Hedgehodge | Posted in Green Building Techniques on

Good Evening,

This all started from me trying to install a proper ledger board to finding rot to finding termite damage (oh gosh… so, so, bad) to finding out we had zero insulation in the house at all (oil heat and window ac units). I removed 2 layers of exterior siding (lead paint yay) and even the 3/4″-1″ lap boards used before sheathing (what a task). Then found out all my studs are randomly placed from 5″-23″ apart randomly (fun) and even fire-blocking (?) across it all, studs ending on the floor and only 1-4 studs per side go to the sill plate that was there at one point. I sprayed the back of my zip sheathing with borate / mold / fungus treatment and entire exterior stud wall and new sistered pieces 🙂 

I got it down to the studs, put in 2×4 mineral wool to each and every stud bay, nook and cranny and put up zip sheathing 7/16″. 

I plan on putting up the zip sheathing, then 1″ mineral wool, then coravent sv5 and 1×4 rain screen.  I suppose I’ll install James Hardie fiber cement (cheaper than vinyl – going for deep ocean blue hopefully 🙂 )

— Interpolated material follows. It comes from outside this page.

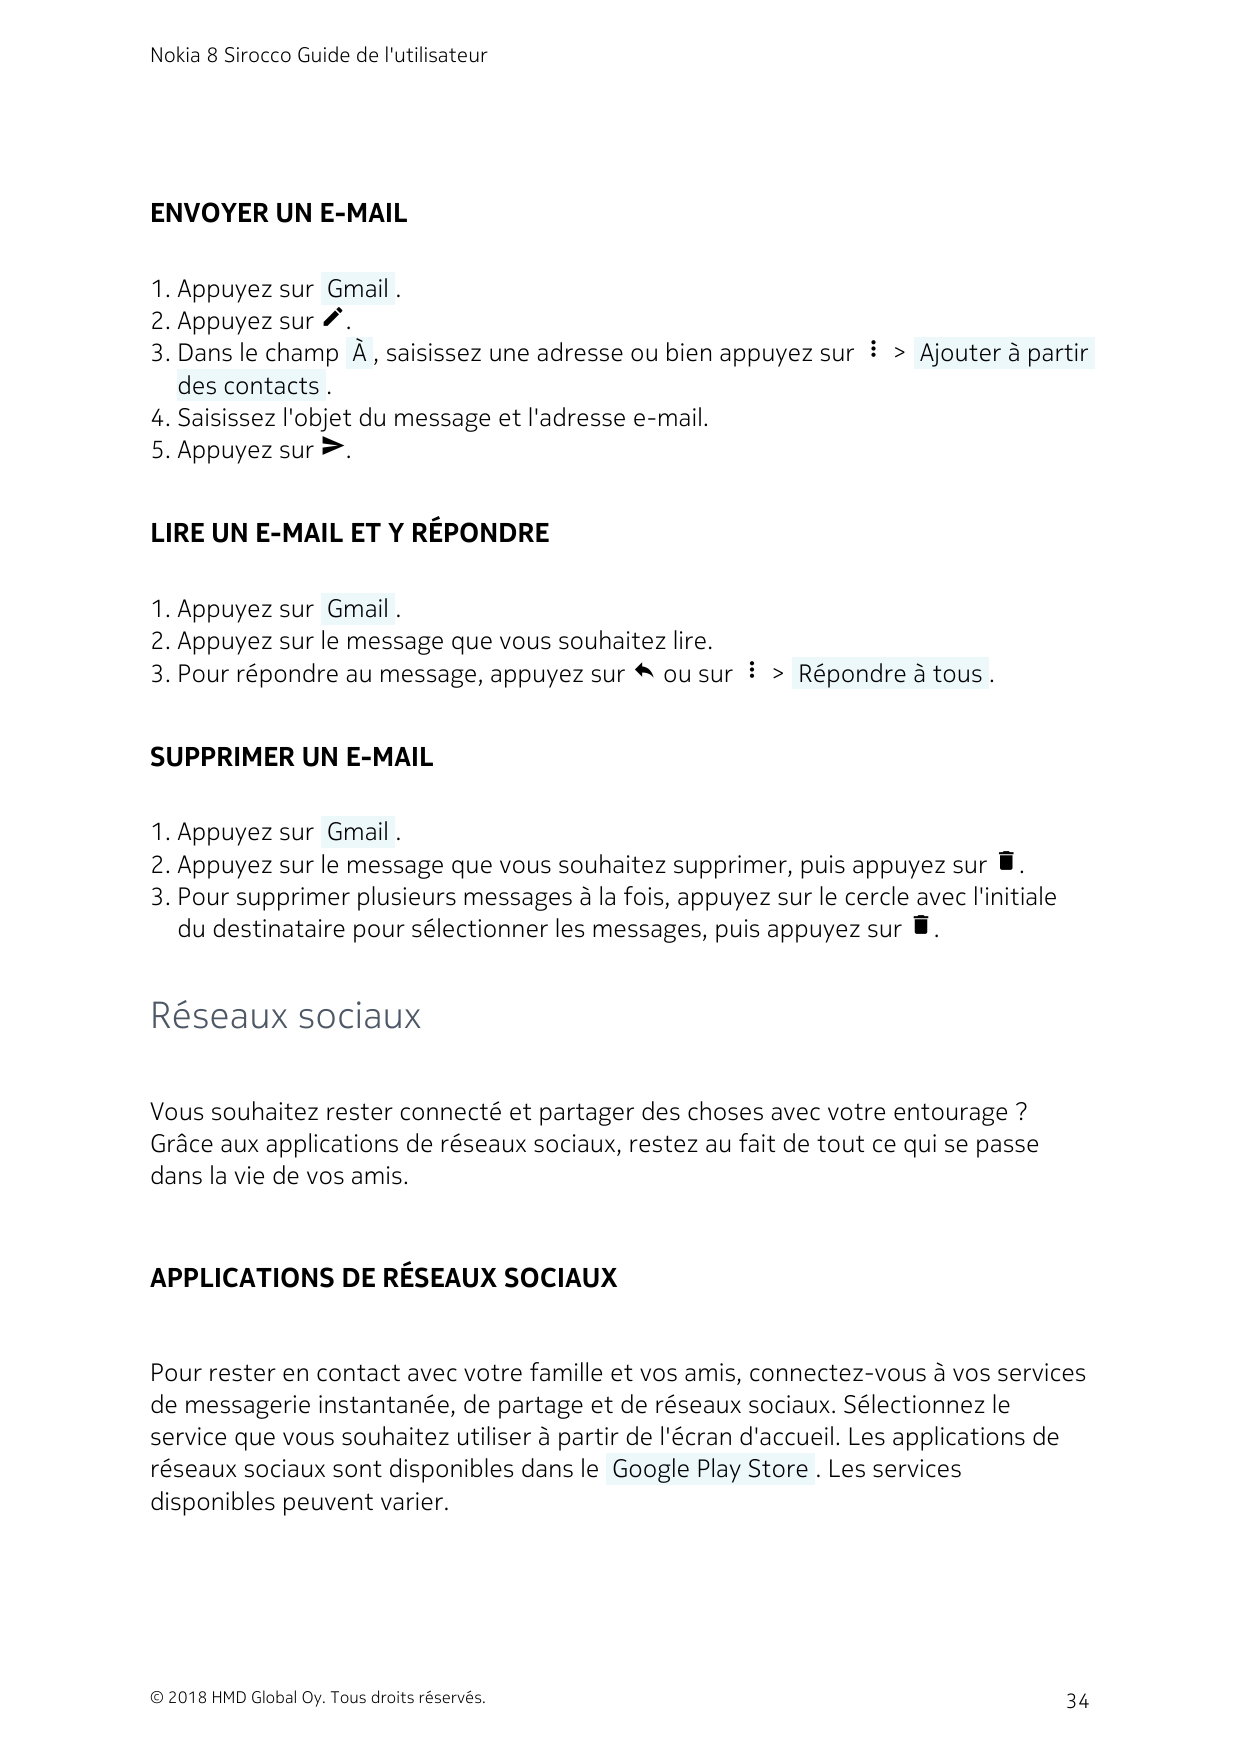 Nokia 8 Sirocco Guide de l'utilisateurENVOYER UN E-MAIL1. Appuyez sur  Gmail .2. Appuyez sur create.3. Dans le champ  À , saisis

My questions now are: in regards to the windows that were already updated to double pane at one point before we bought the house and properly sealing them off and vapor barriers over the zip panels?

I have watched this ( https://www.youtube.com/watch?v=yT-abBfhRaQ&t=671s ) and got some ideas but one of my windows has an inch behind the nailing flange and spray foam around it and others hardly are past the sheeting some how.

Should I put a vapor barrier over my Zip sheathing even if I’m taping it?

Do  I have to remove EVERY WINDOW and zip tape them or liquid flash them? These older windows seem odd to do, all videos i see are new builds. This may add many days to labor (i live on a mountain ledge so have hired help since its very unsafe (40 stairs to haul everything up plus its 2 story). the windows were installed into the old single pane / weight system window frames so I planned on doing ( 2:09 in the video) to bring it out past the exterior mineral wool and rain screen. I have 22 windows in this house thats only 1500 sq feet lol.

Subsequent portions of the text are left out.